Having this seemingly well written routine in C,  I wrote it's equivalent in
J, wishing to estimate the penalty for using J.

I am amazed and a bit mystified to find  J nearly twice as fast: on this
Acer One with Gentoo Linux.


   - C test:                2.0  secs
   - J first test          1.13 secs
   - J second test:  0.71 secs

>From a 38 Meg file, find all diff rent IP addresses following a given
label.  In this test the number of addresses is about 16000, the required
different addresses is 7.

Attached is the C routine, and a 20K sample of the 38 meg data file.

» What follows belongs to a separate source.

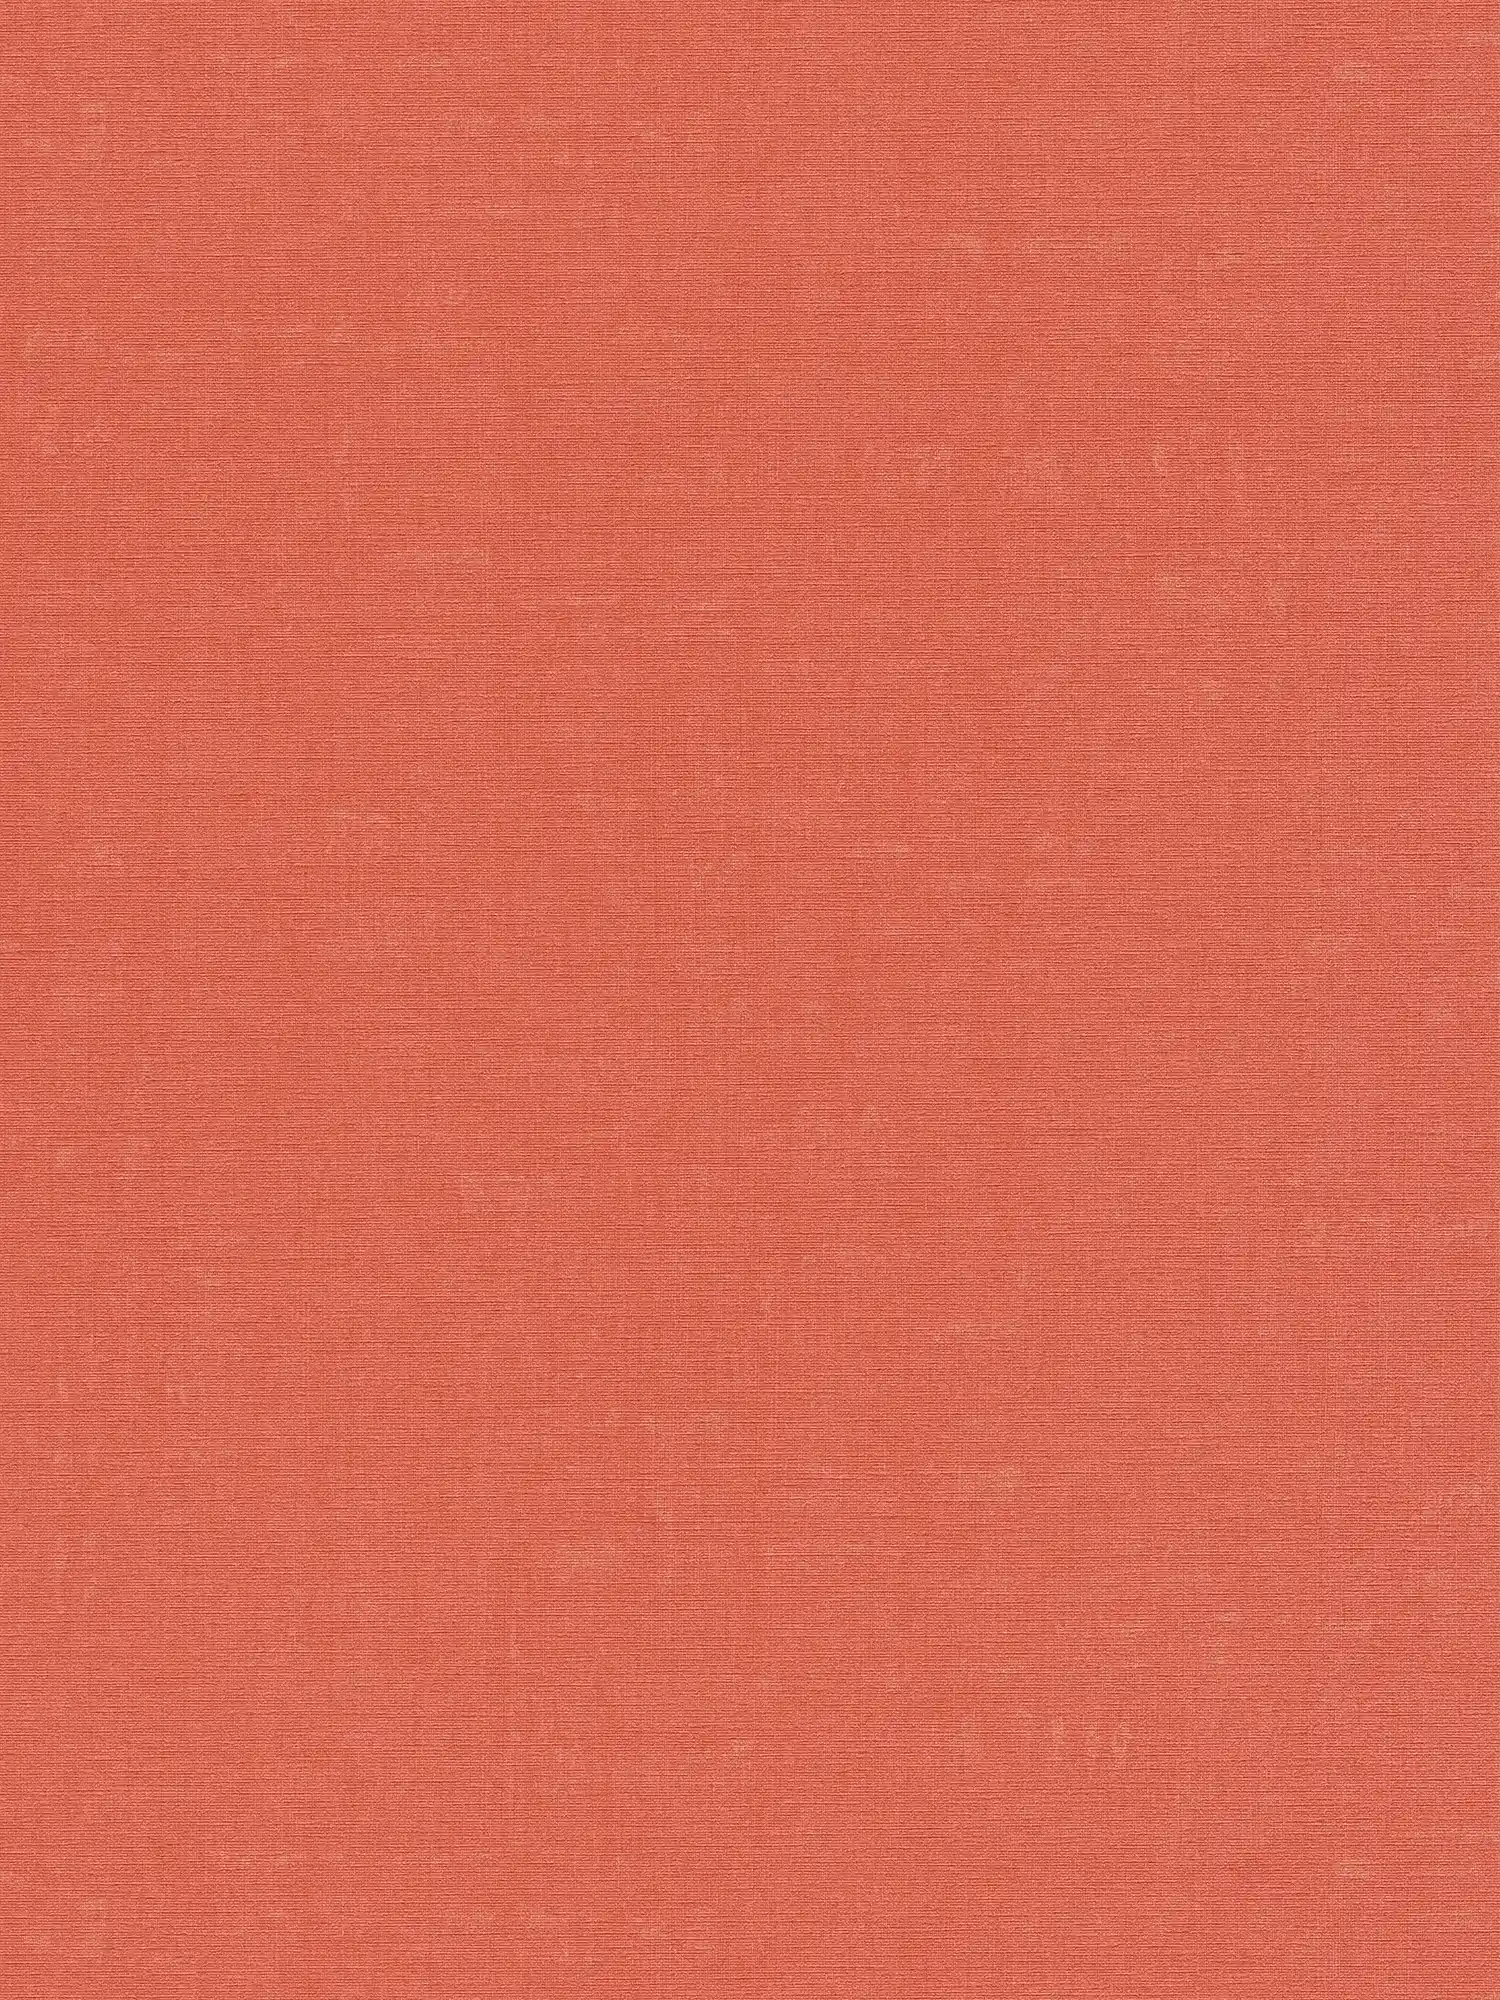 Effen behang met gevlekt patroon - oranje, rood

Is the J use of mapped files the trick in favor of J?  In C the entire file
is scanned, byte by byte.*


J routine:*
 require'jmf'
   require'files dir'

find=: 4 : 0
NB.  x is the label preceding the IP adress,
NB. y is the file name
NB. produces a list of different IP adresses.
    deb=. 6!:1 ''
    JCHAR map_jmf_ 'file';y
    nos=. I. x E. file
    n=:(nos+/(0{$x)+i.16){file
    unmapall_jmf_ ''
    a=.'time in secs to read 38 megs, find IP adrs. etc. ',6j2":secs=. (6!:1
'')-deb
    a=.a,:'diffreent IP adresses'
    a,~.((n i."1 (' ')){."0 1 (n))
)

findTxt=: 3 : 0
NB. for testing find.
    fn=:'/media/KINGSTON/logParse/messages.2'
    NB.fn=:'G:\logParse\messages.2'
    txt =.' rhost='
    txt find fn
)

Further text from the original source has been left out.